ChatGPT now features a new agentic system that enables it to autonomously perform complex tasks using its own virtual computer. This system integrates capabilities from previous tools—Operator’s web interaction, deep research’s synthesis, and ChatGPT’s conversational intelligence—allowing it to navigate websites, analyze data, run code, and produce deliverables like editable slideshows and spreadsheets. Users remain in control, with the ability to grant permissions, interrupt, or take over tasks at any time.
Unified Agentic System and Capabilities
The new ChatGPT agent combines the strengths of Operator and deep research, overcoming their individual limitations by enabling both deep analysis and interactive web navigation, including secure login for personalized content. It uses multiple tools such as a visual browser, text-based browser, terminal, and API access, choosing the optimal method to efficiently complete tasks. It supports iterative, collaborative workflows where users can guide or pause the agent, and receive notifications upon task completion.
Practical Applications
ChatGPT agent enhances productivity in professional and personal contexts by automating tasks such as creating presentations from dashboards, managing meetings, updating financial spreadsheets, planning travel, and booking appointments. It achieves state-of-the-art performance on various benchmarks including:
- Humanity’s Last Exam: Achieves a new pass@1 SOTA score of 41.6, improving to 44.4 with parallel attempts.
- FrontierMath: Reaches 27.4% accuracy on the hardest math problems, outperforming previous models.

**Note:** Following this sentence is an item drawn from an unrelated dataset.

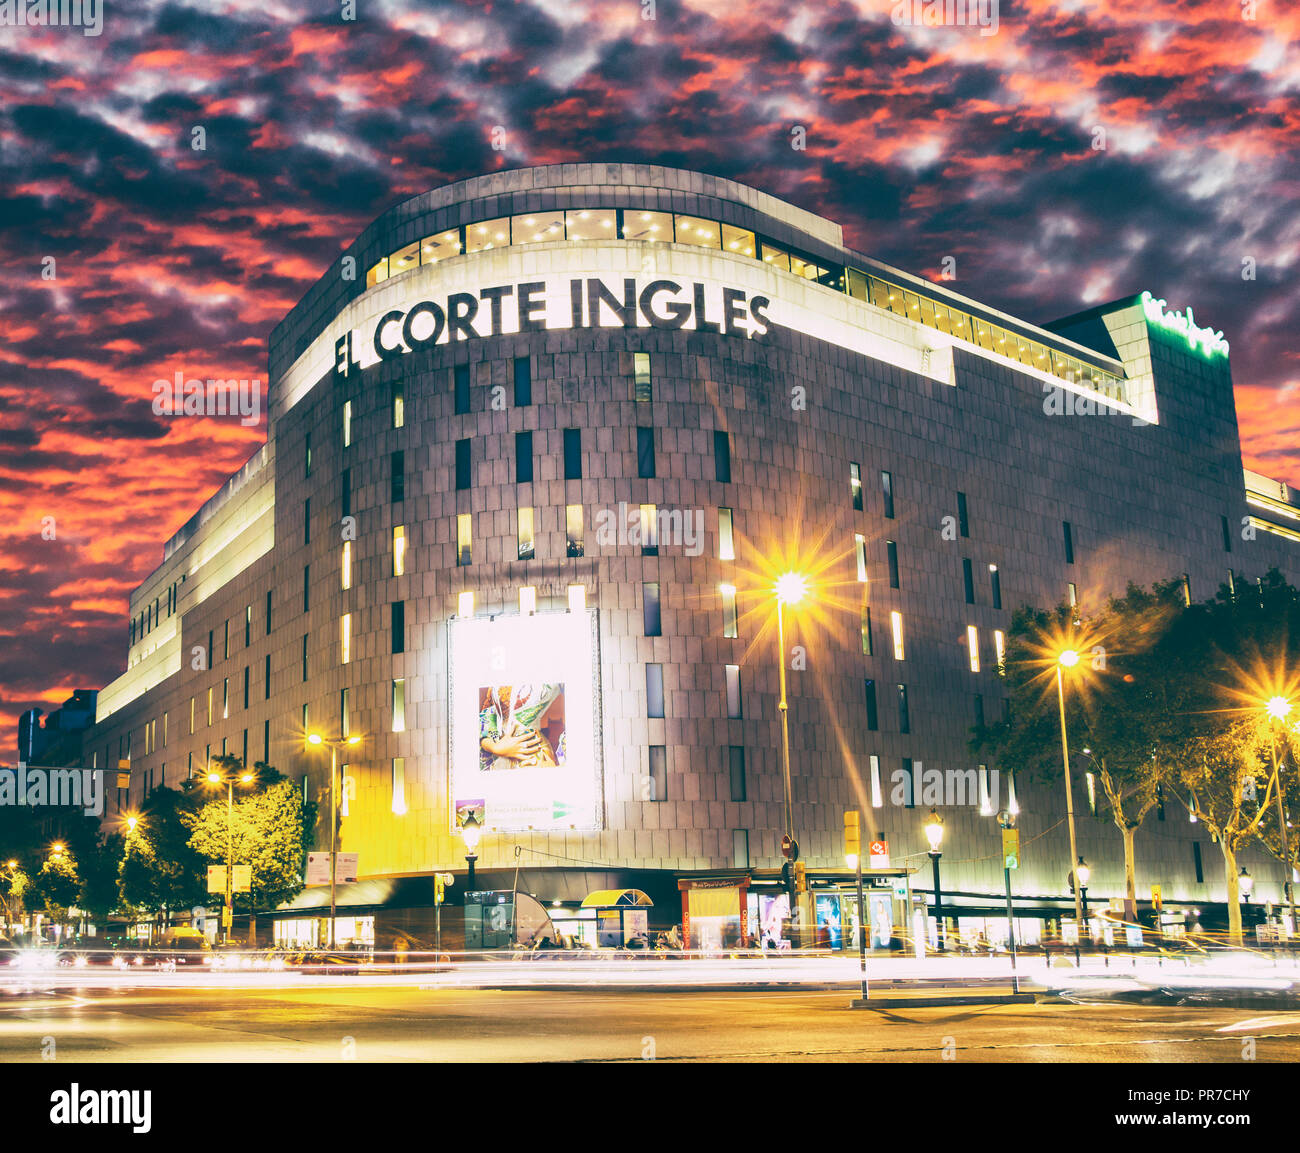 El Corte Ingles department store in Barcelona, Spain Stock Photo

- DSBench and SpreadsheetBench: Surpasses human performance and existing models in data science and spreadsheet editing tasks.
- Investment Banking Modeling: Outperforms previous models in complex financial modeling tasks.
- BrowseComp and WebArena: Sets new records in web browsing and real-world web task completion.
Usage and Integration
Users with Pro, Plus, and Team subscriptions can activate agent mode from the tools dropdown in any conversation. The agent can access user-connected apps (e.g., Gmail, GitHub) via ChatGPT connectors, enabling it to integrate with workflows and act on relevant data, while requiring explicit login for sensitive sites. Tasks can be scheduled to recur automatically.
Safety and Risk Mitigation
Given the agent’s ability to act on the web and access user data, OpenAI has implemented robust safeguards including:
- Explicit user confirmation before consequential actions.
- Active supervision (“Watch Mode”) for critical tasks.
- Proactive refusal of high-risk actions like bank transfers.
- Privacy controls allowing users to delete browsing data and log out of sessions.
- Secure browser takeover mode that keeps user inputs private.
- Strong defenses against prompt injection attacks, which could manipulate the agent via malicious web content.
- Continuous monitoring and rapid response to security threats.
The agent is classified under OpenAI’s High Biological and Chemical capabilities preparedness framework, with comprehensive biosafety measures and ongoing collaboration with external biosecurity experts.
Limitations and Future Directions
ChatGPT agent is in early stages and may make mistakes. Slideshow generation is currently in beta, with ongoing improvements planned for formatting and polish. Spreadsheet editing is more advanced but slide upload for editing is not yet supported. OpenAI plans iterative enhancements to improve the agent’s efficiency, depth, versatility, and user oversight balance.
Availability
The ChatGPT agent is rolling out to Pro, Plus, and Team users, with Enterprise and Education access coming soon. Usage limits vary by subscription tier, with options for additional credits. The Operator research preview will be sunset soon, with deep research integrated into the new agent.
This new agentic system represents a significant advancement in AI’s ability to autonomously complete complex, real-world tasks while maintaining user control and safety.